Tariffs have become a mainstay of international relations and economics in the 21st-century. They are government-imposed taxes on imported goods, which increases the cost of buying goods from overseas nations. This requires businesses and consumers to look for alternatives, which cost less than the artificially raised prices of imported goods. Although tariffs negatively affect the domestic consumer market, the question is whether there are long-term benefits that outweigh the cost to consumers.

When a government imposes a tariff on imported goods, it artificially raises the price of the goods. Generally, the price of goods is determined naturally by the market. There are various competing theories on how the market determines the price of goods, but, to generalise, prices are determined through negotiation between the consumers and the suppliers. One common economic model that utilises this is the supply and demand theory of economics. Consumers determine which goods they should purchase by weighing up factors like the cost and quality of the goods.1 Producers must make similar decisions. However, when the government intervenes by imposing tariffs, it interrupts the free market. It forces people to purchase alternate goods from other countries, or from the domestic market.

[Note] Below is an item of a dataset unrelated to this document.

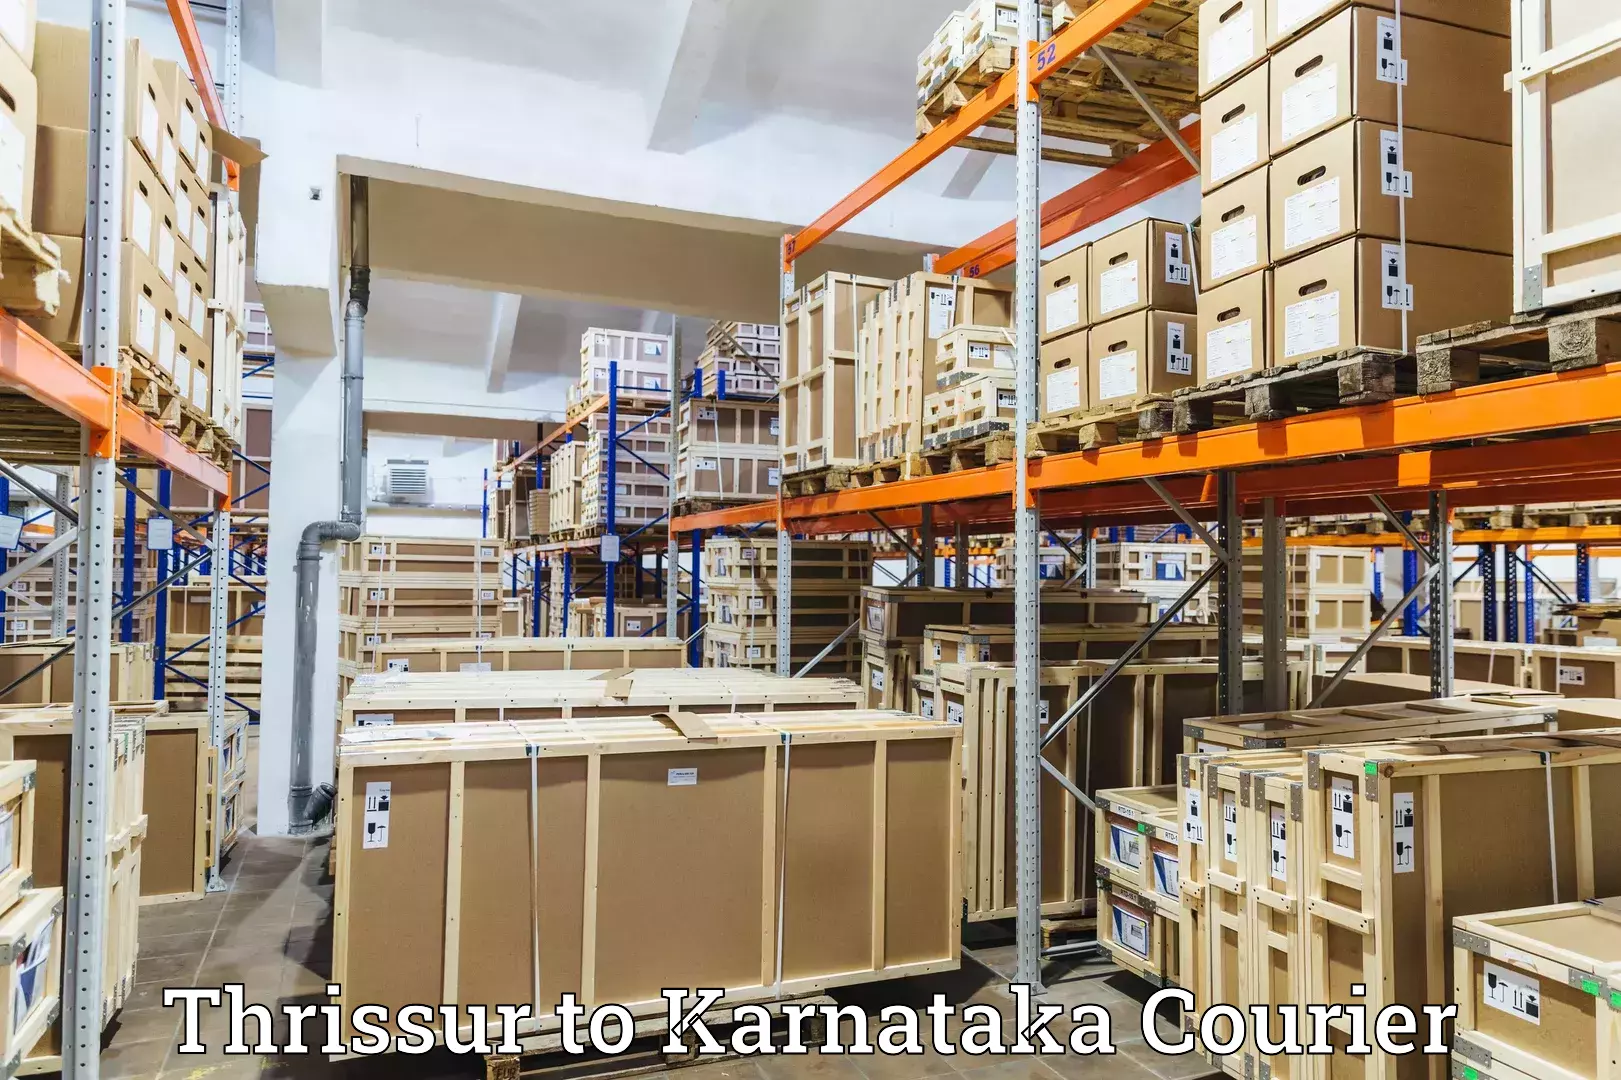 Customer-focused courier Thrissur to Karnataka

Consumers bear the brunt of the cost of tariffs. Although it costs producers more to import goods affected by the tariff, this cost is recouped by raising the price of the goods sold to consumers. This costs the consumer, and unlike producers, they have no way to pass this burden onto someone else.

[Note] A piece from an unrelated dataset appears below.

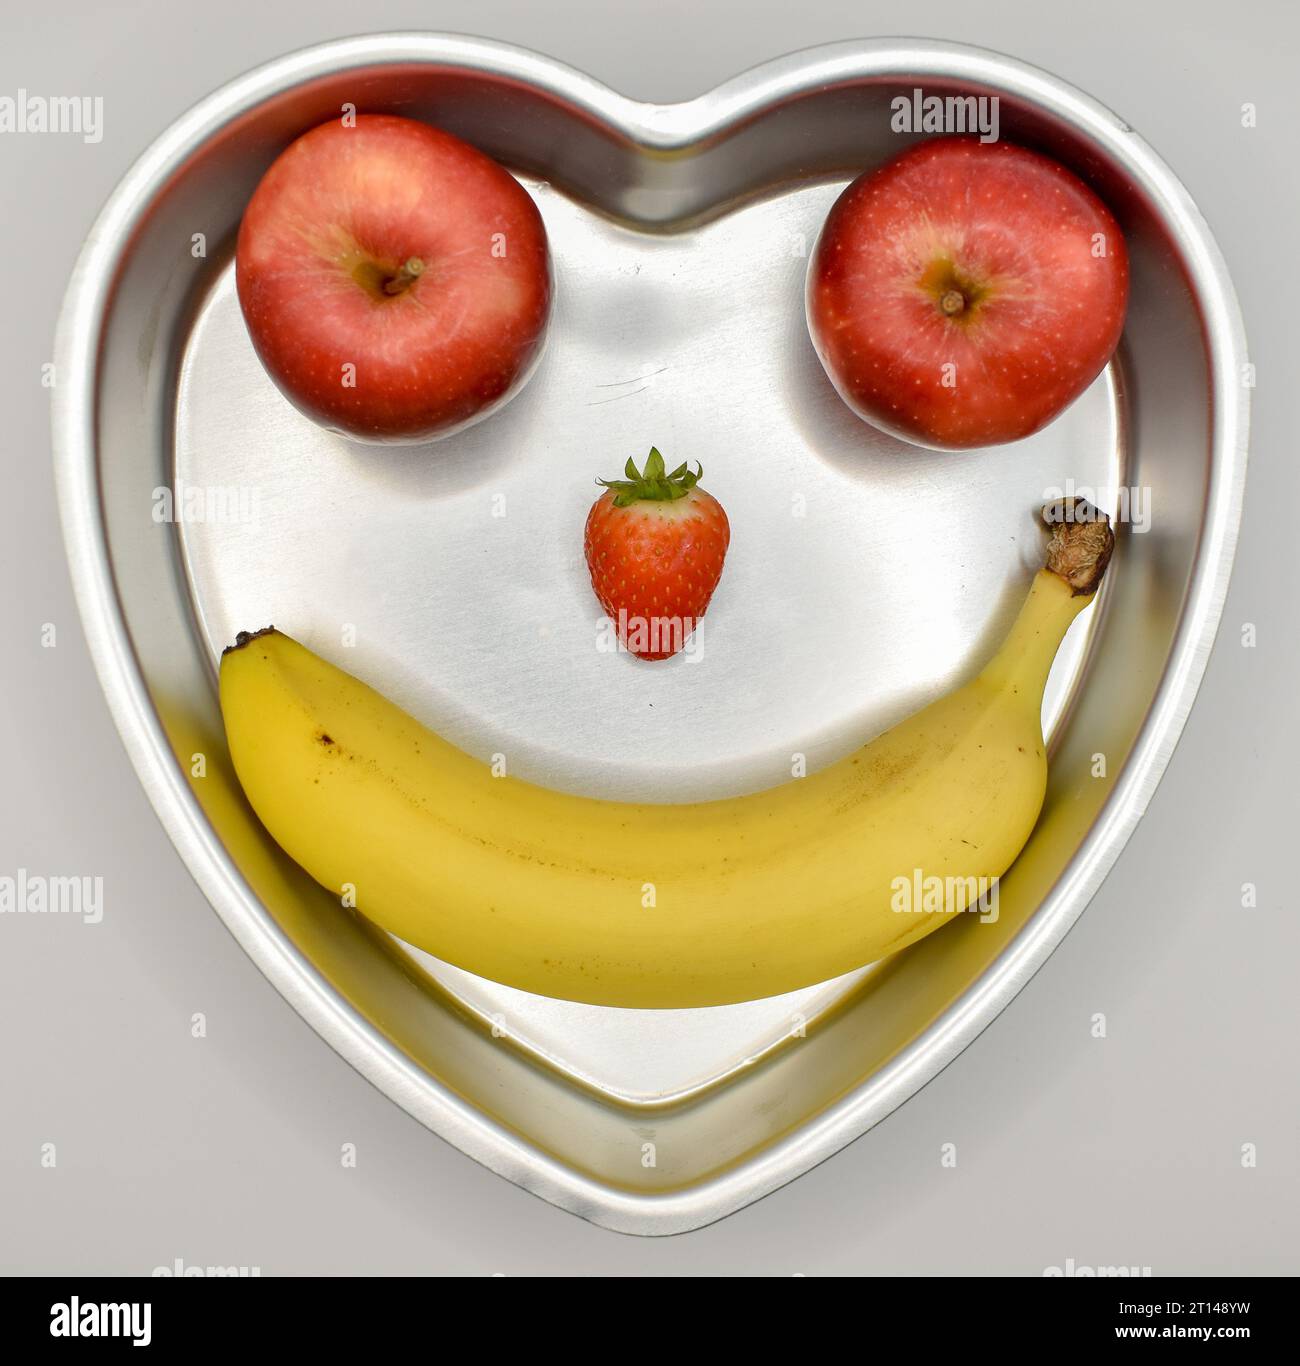 Essen Sie gesund, eine herzförmige Dose mit zwei Äpfeln, einer Erdbeere und einer Banane, die ein lächelndes Gesicht bilden. Stockfoto

When tariffs raise the cost of importing goods, it affects the economic calculations of consumers. Consumers are forced to choose between purchasing the same quality goods at a much higher price or looking elsewhere. Other goods would likely be of lesser quality than the consumer would be happy with, otherwise, those goods would have been used instead of those normally imported from the country that the tariff applies to. There may also be goods of similar or better quality on the market; however, the expense of buying those goods meant that before the tariff a consumer may have determined that they weren’t worth buying. If those goods now cost less than those affected by the tariffs, the consumer may now purchase those goods instead. But the government’s tariff means that the consumer either purchases the lesser quality goods, leaving the consumer unsatisfied, or they purchase the better quality goods, which costs the party more than buying the original goods, without the tariff, would. Either way, the consumer is put in a worse position than they were before the tariff.

Although tariffs affect the domestic market, the government pursues them because they are a source of revenue. As tariffs are a tax, the government benefits from imposing tariffs. In this sense, tariffs are similar to are taxes levied on consumer goods, like a consumption tax. One example of this is Australia’s Goods and Services Tax (GST), which is a 10% tax on most goods and services. This increases the price of goods and services for consumers, with businesses then required to pass that money on to the government. Consumption taxes exist to raise money for the government, at the expense of the consumers, like tariffs.

Not only do tariffs benefit the government, but they also benefit corporations. Economist Thomas Sowell argues that tariffs give an unfair economic advantage to domestic producers, who can raise their prices without being out-priced by the imported goods.2 If a tariff raises the price of an imported product by $20, domestic producers can increase their price by $10 and still retain a competitive advantage.

Corporations benefit the most from tariffs in countries that lack raw resources and materials, which are important for manufactured goods. If tariffs are placed on importing resources that a country has a limited amount of, producers have to look to other countries for those resources. Corporations have the money to allow them to buy more expensive alternatives; however, marginal producers, who are generally small businesses, must choose between buying cheaper goods of inferior quality or more expensive ones. Because marginal producers have narrower profit margins, they have to raise the price of their goods to cover the additional expenses of buying goods of similar or better quality than those originally bought. Corporations have the freedom to offer goods at a lower rate, undercutting the new higher prices of small businesses, forcing them out of the market. The government can choose to intervene in favour of small businesses by subsidising them, giving them the money to buy more expensive materials and goods. But to do so would require the government to raise taxes to afford it. And if the tariffs were imposed to increase government revenue, having to pay subsidies would defeat the purpose of the tariffs.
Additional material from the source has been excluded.